Instructions to follow
From the line containing "Part_15_v2_5.stl Download free" to the end of the data, retype every line exactly and nothing else. Drop the pictures.

Data excerpt

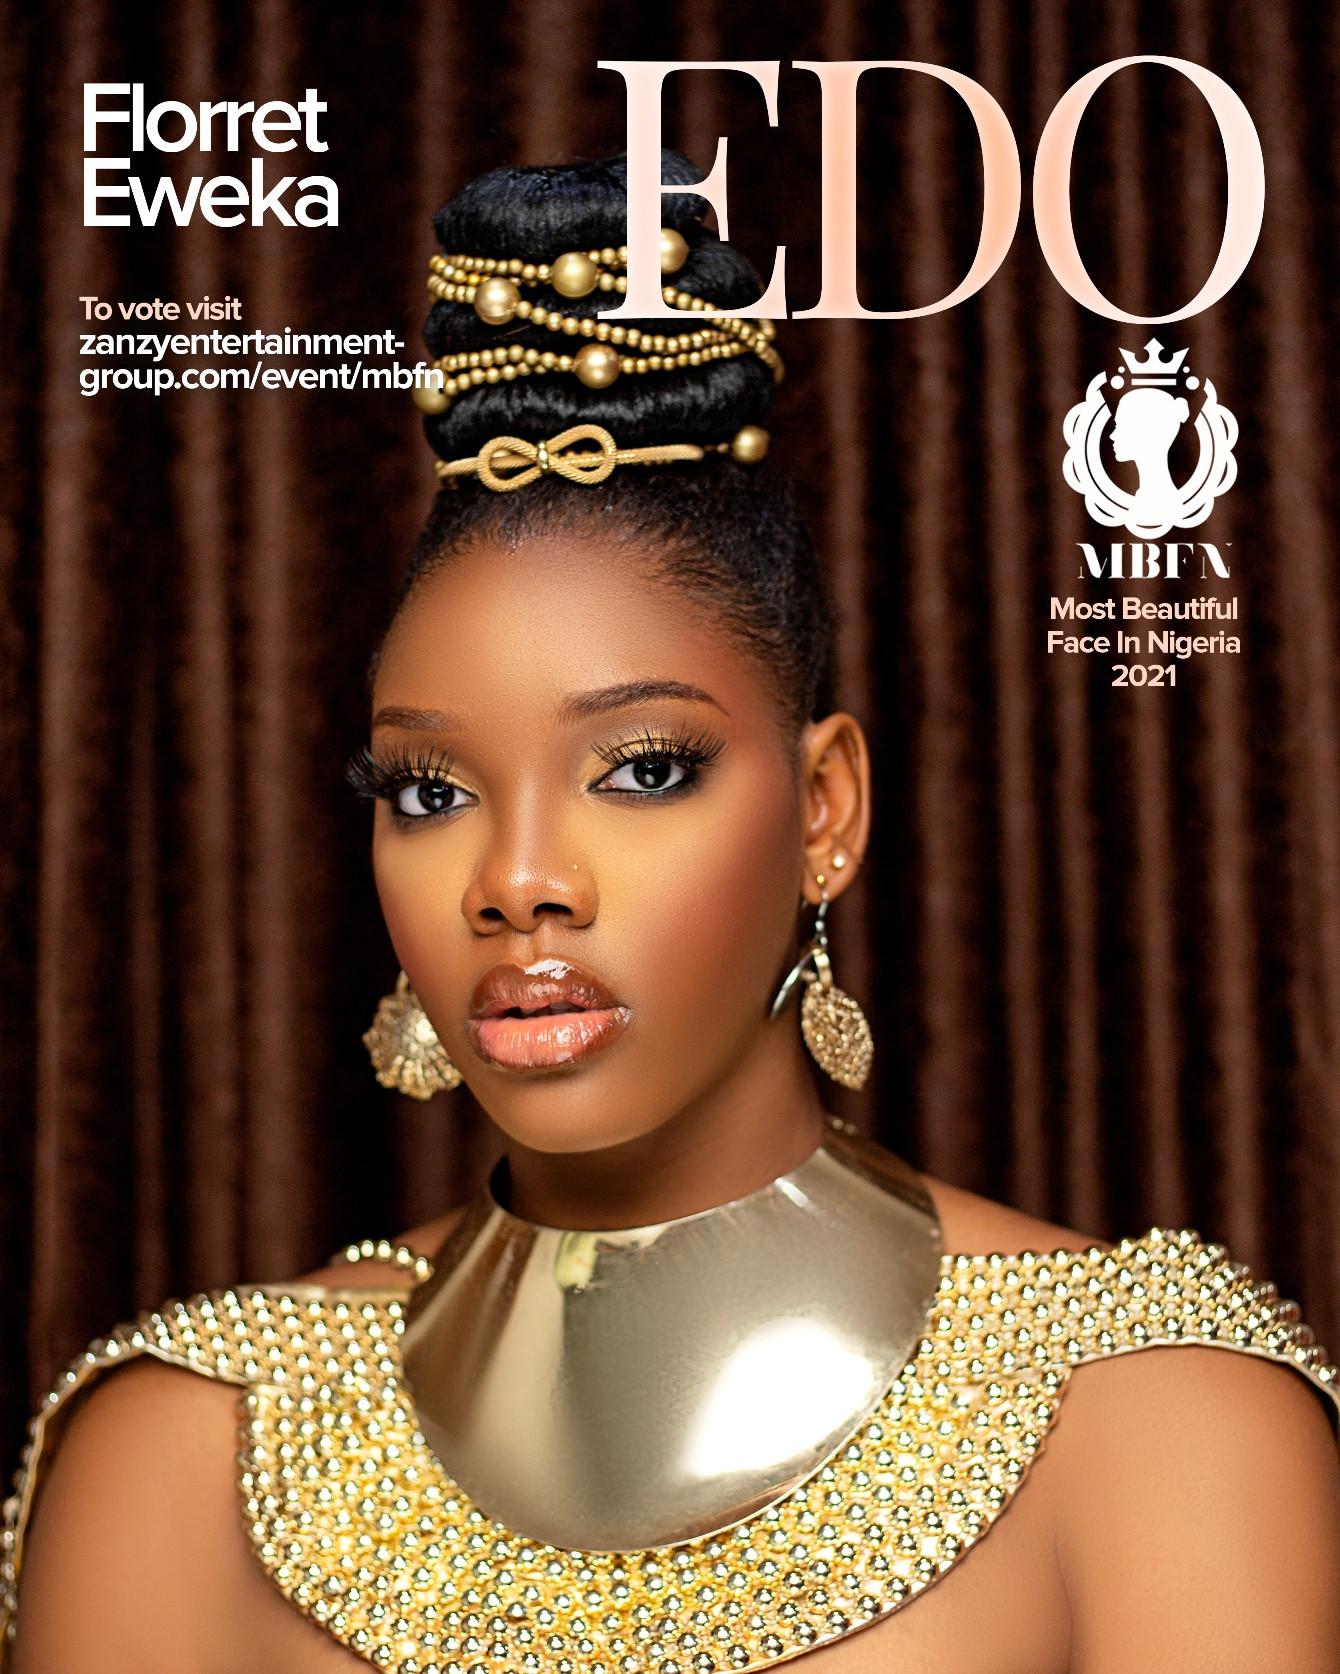 Florret Eweka Wins Most Beautiful Face in Nigeria 2021
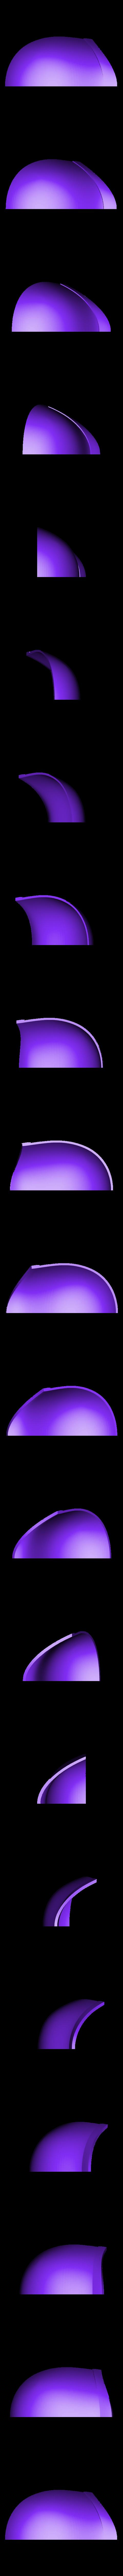 Part_15_v2_5.stl Download free STL file  Iron Musketeer's Helmet (Final Fantasy XI) • 3D printable design, VillainousPropShop
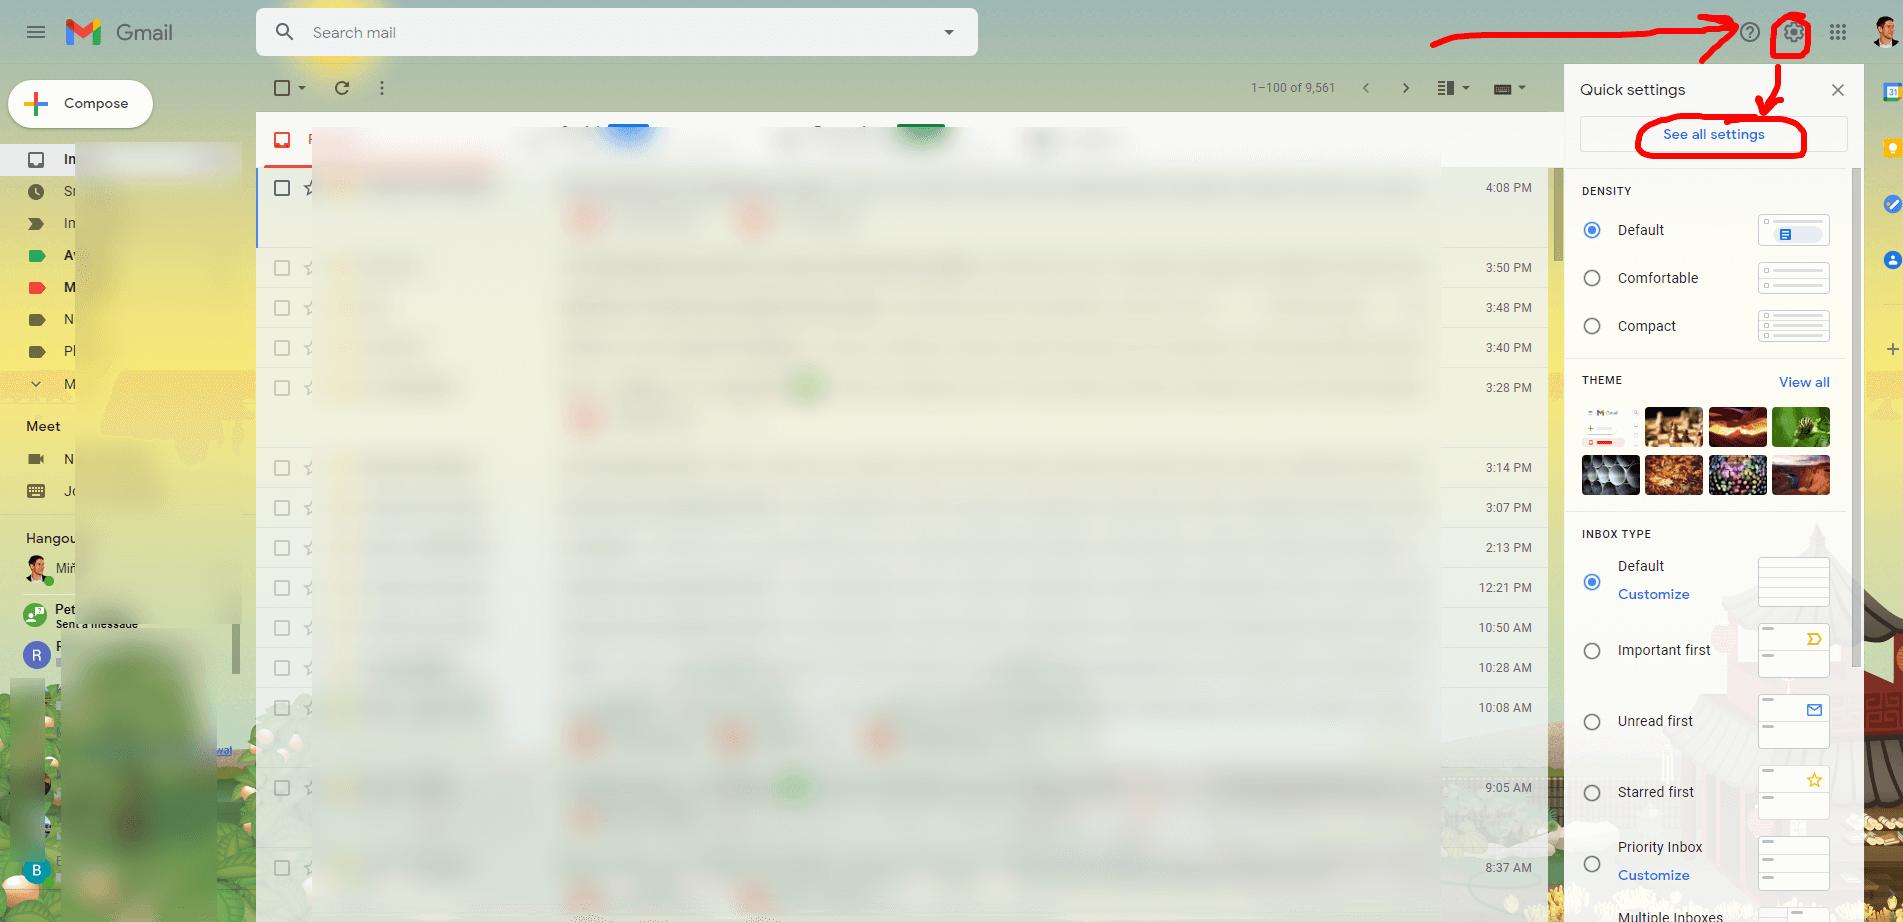 nastavenie prijímania emailov cez gmail SMTP
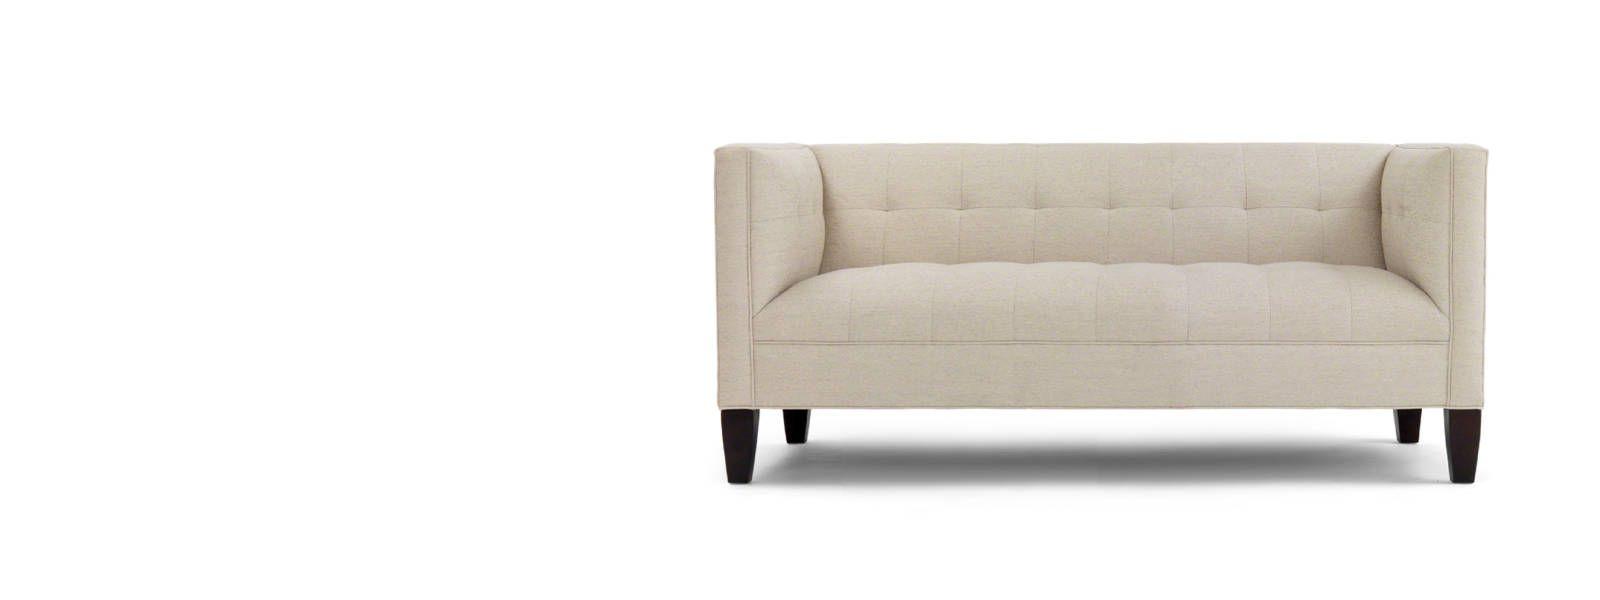 Kennedy Sofa Sofa Love Seat Steelcase

Answer below
 Part_15_v2_5.stl Download free STL file  Iron Musketeer's Helmet (Final Fantasy XI) • 3D printable design, VillainousPropShop
 nastavenie prijímania emailov cez gmail SMTP
 Kennedy Sofa Sofa Love Seat Steelcase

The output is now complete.